23andMe: Genetic Testing or Bioprospecting?

This week, the Harvard Program on Science, Technology, & Society held the latest installment in its Science and Democracy Lecture Series, featuring Anne Wojcicki, the co-founder and CEO of 23andMe, a direct-to-consumer genetic testing company.


The lecture, called "Deleterious Me," combined an account of 23andMe's practices, and the challenges they've faced, with a blend of optimism and fatalism about the future (and future ubiquity) of personalized medicine, affordable biotechnology, and patient- (or consumer-) driven innovation in the health care industry. 

Many in attendance, not least a few of the scholars on the panel tasked with responding to the address, found Wojcicki's boosterism unpalatable. In particular, a line of critique running through the commentary centered on the nature of the relationship between the two stated missions of 23andMe: one individualistic, one collectivist.

On the one hand, Wojcicki highlighted her desire to empower consumer-patients by circumventing the medical establishment and making data available; on the other, she insisted on the role of 23andMe as a research platform, arguing that its unique dataset rendered it invaluable as a partner and model for further research. 

There's a potential tension here, one increasingly central to the modern biomedical establishment and, more generally, to the longer history of the interaction between patients (or subjects), science (or medicine), and capitalism. Who owns what? What's the impact of information asymmetries? Who is this research (or data) for?
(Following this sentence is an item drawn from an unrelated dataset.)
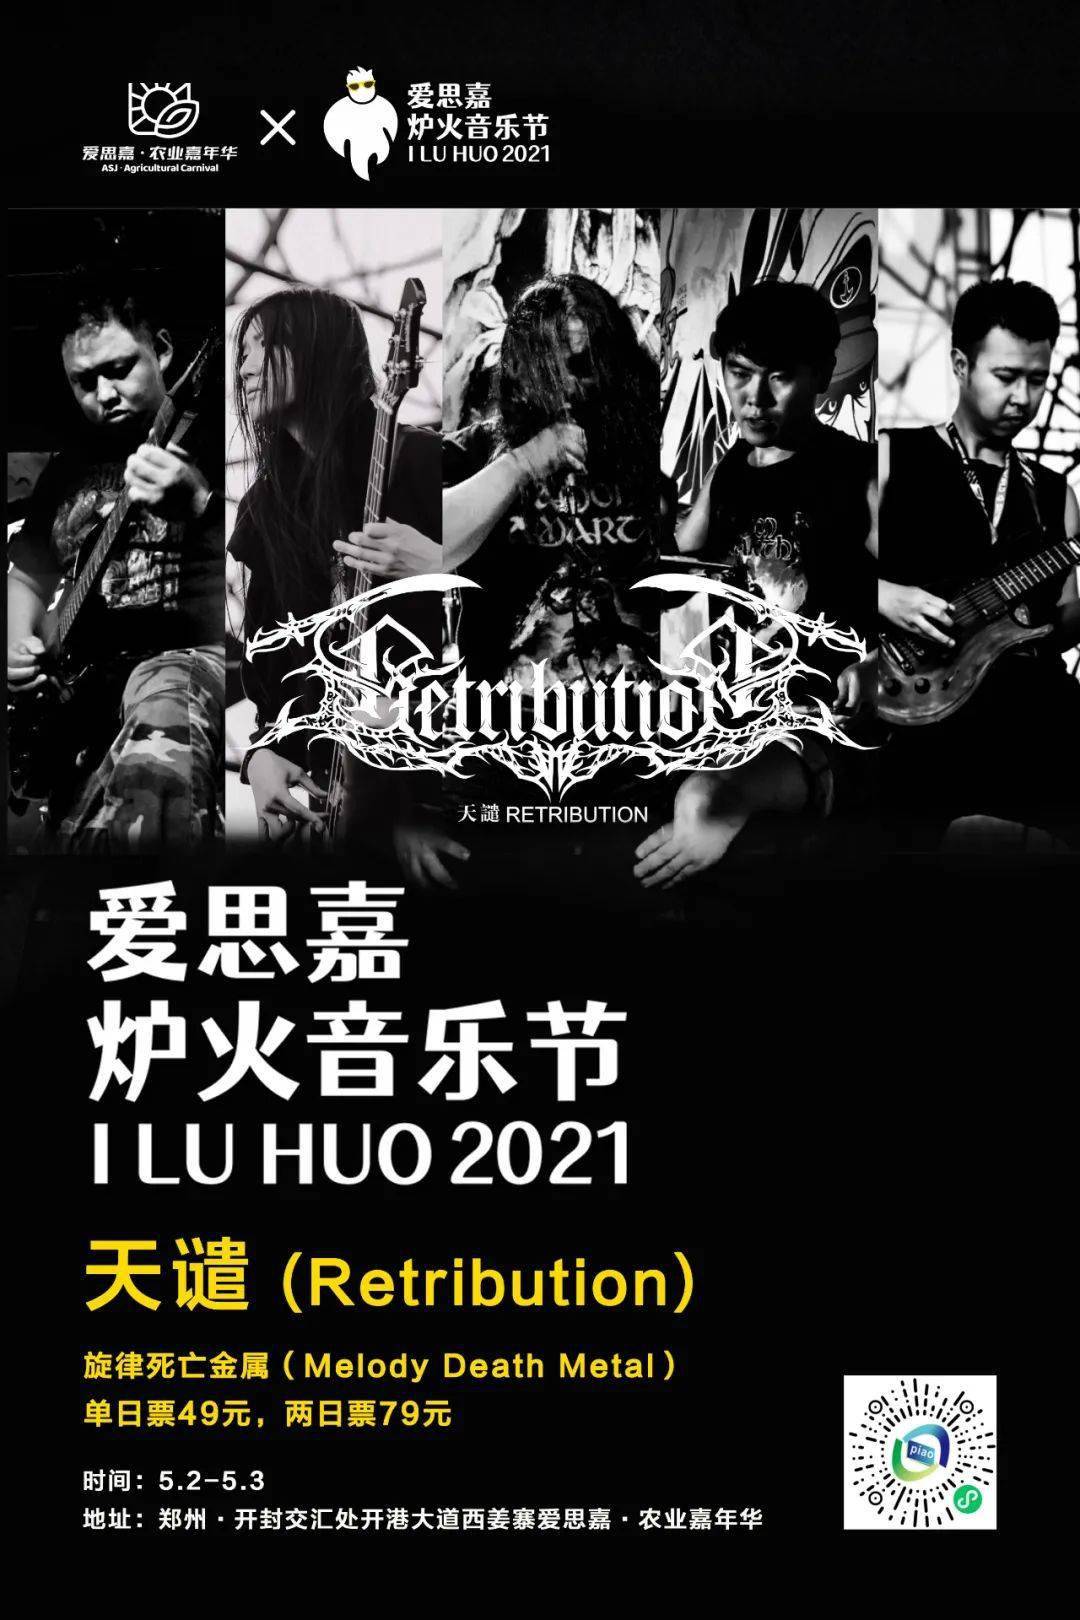 天谴乐队成立于 2015 年,风格以旋律金属为主,主题包括汉族历史,汉族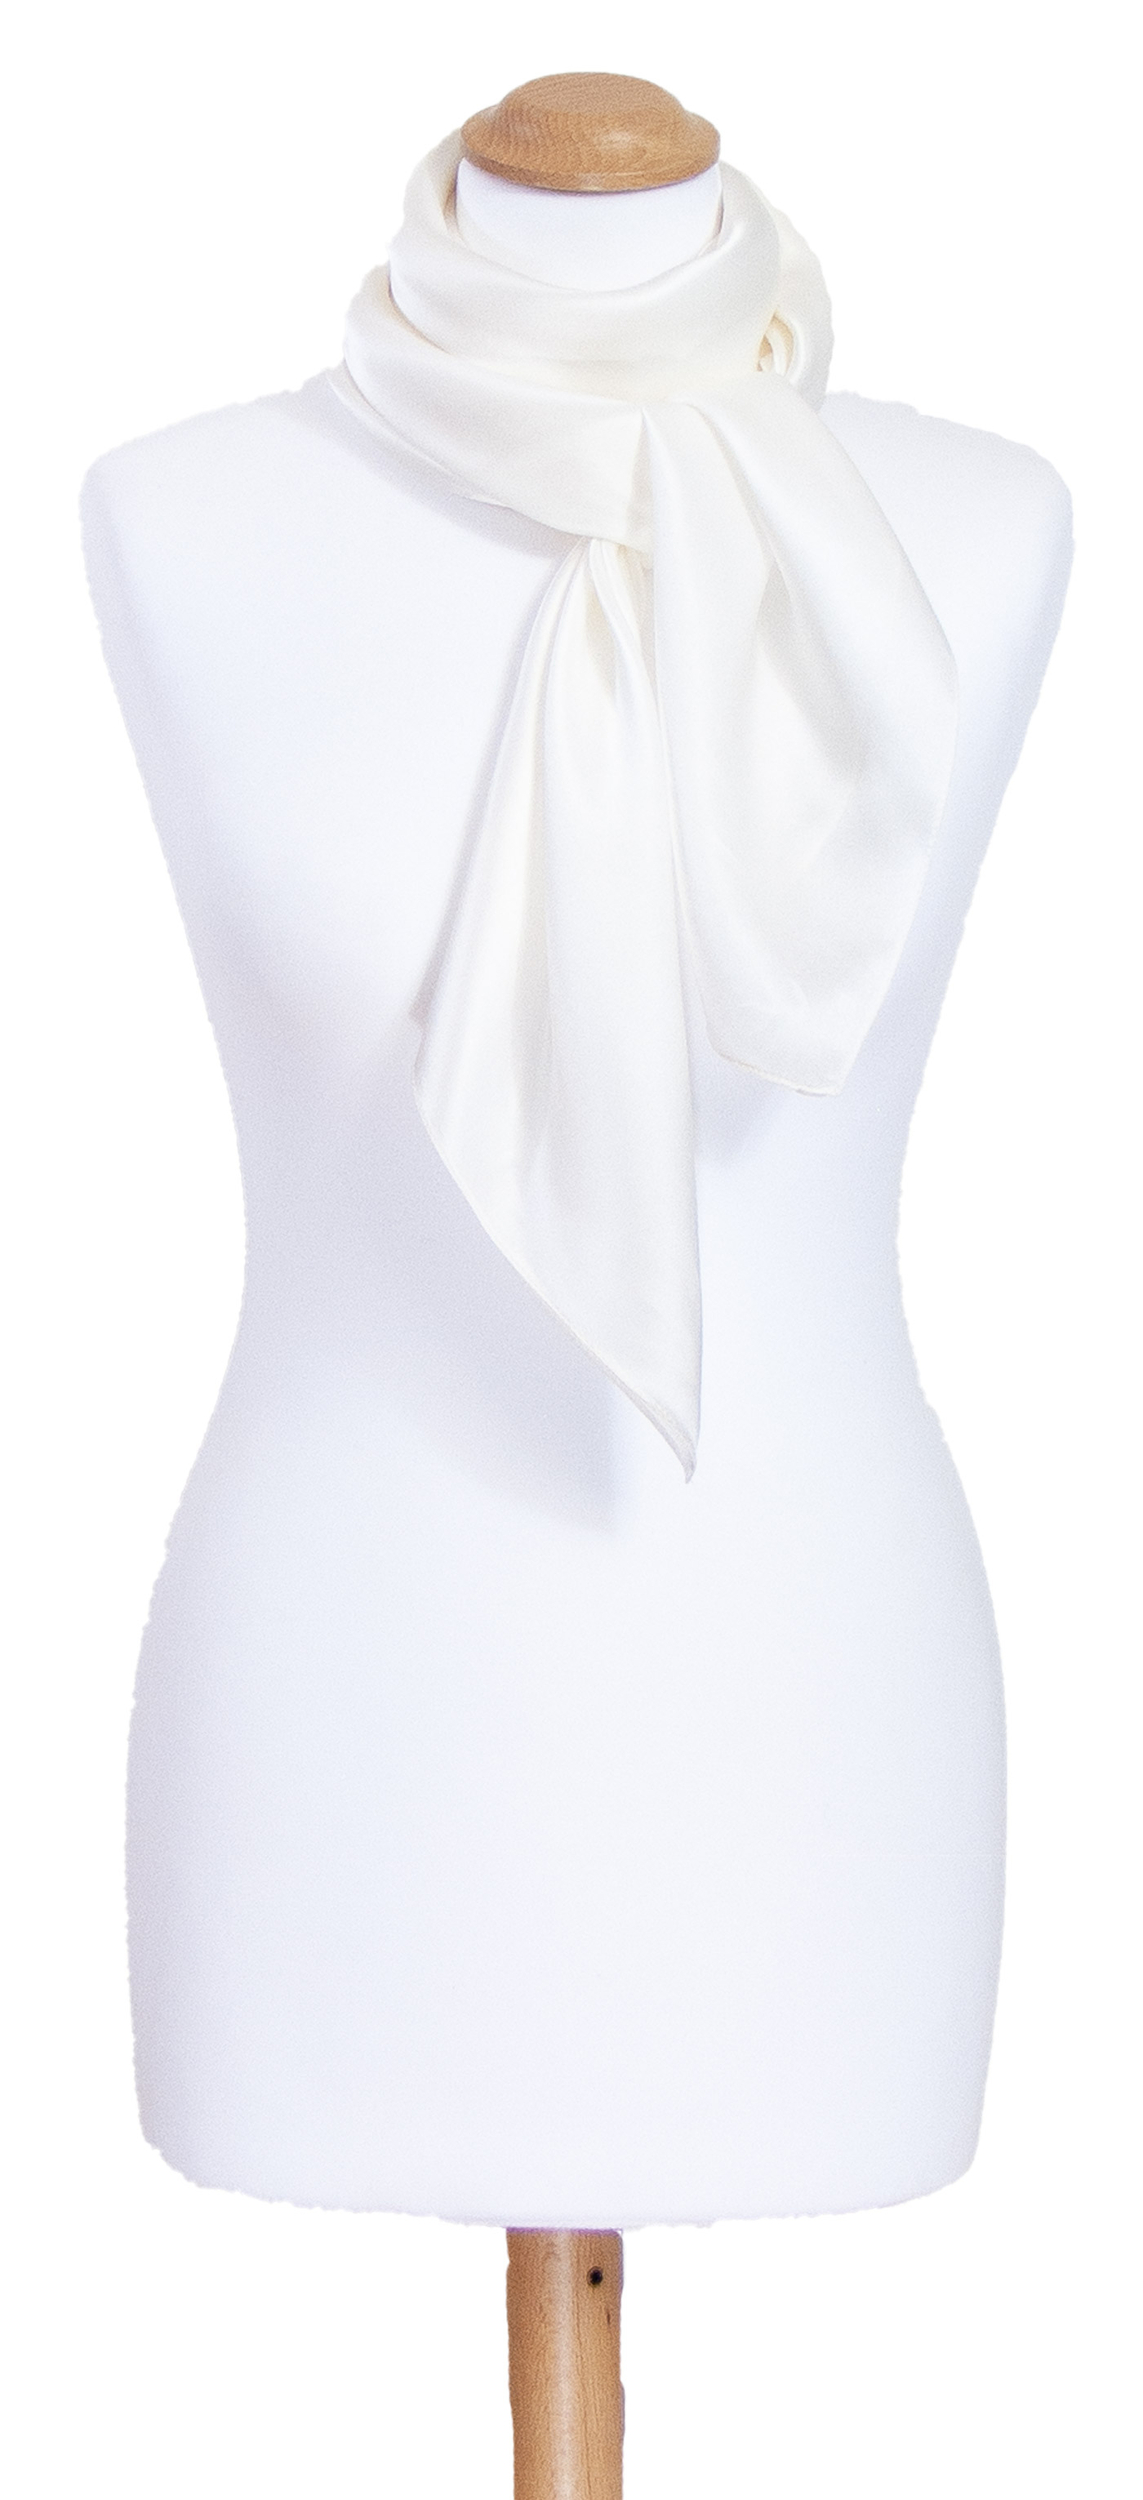 Foulard carré en soie blanc uni 110 cm

The severest criticism along these lines came from Sanford Kwinter, a professor at the Graduate School of Design and the last panelist to comment. Kwinter's response was an unrelenting indictment of the outdated (market) logic underlying 23andMe, which (Kwinter argued) veiled exploitative practices in the language of "consumer choice." 

Sanford Kwinter (Harvard GSD)
Accusing Wojcicki of monetizing sickness, capitalizing on fear, and building 2.0 technology on 1.0 ideals, Kwinter argued that the mantra "the customer is always right" is even more dangerous in medicine than elsewhere–and that we should remember that the phrase's most loyal adherents are sellers, not customers.

Folks differed on their opinions of Kwinter's prudence, but no one denied his rhetorical strength. What was clear–in Wojcicki's inability to respond and in the absence of conversation at this level at the next day's workshop–was that an industrial culture (Silicon Valley biotech) built around innovation and "iteration" simply wasn't ready for such critical "why" questions.

The problem, it seems, is that the biomedical industry (whether entrepreneurial or establishment) and the scholars who critique it operate at different levels. While this might seem obvious, the upshot is that those whose lives are built directly on the logic of the market simply can't engage in the scrutiny of those foundations. 

While this week's event didn't destroy my faith in normative scholarly criticism of science and industry–far from it!–, it did reveal a potential limitation on the forms in which that engagement can take place. Far from "iterating" on existing models, then, I'd suggest that some form of revolution, rather than evolution, might be necessary to make critiques like Kwinter's heard.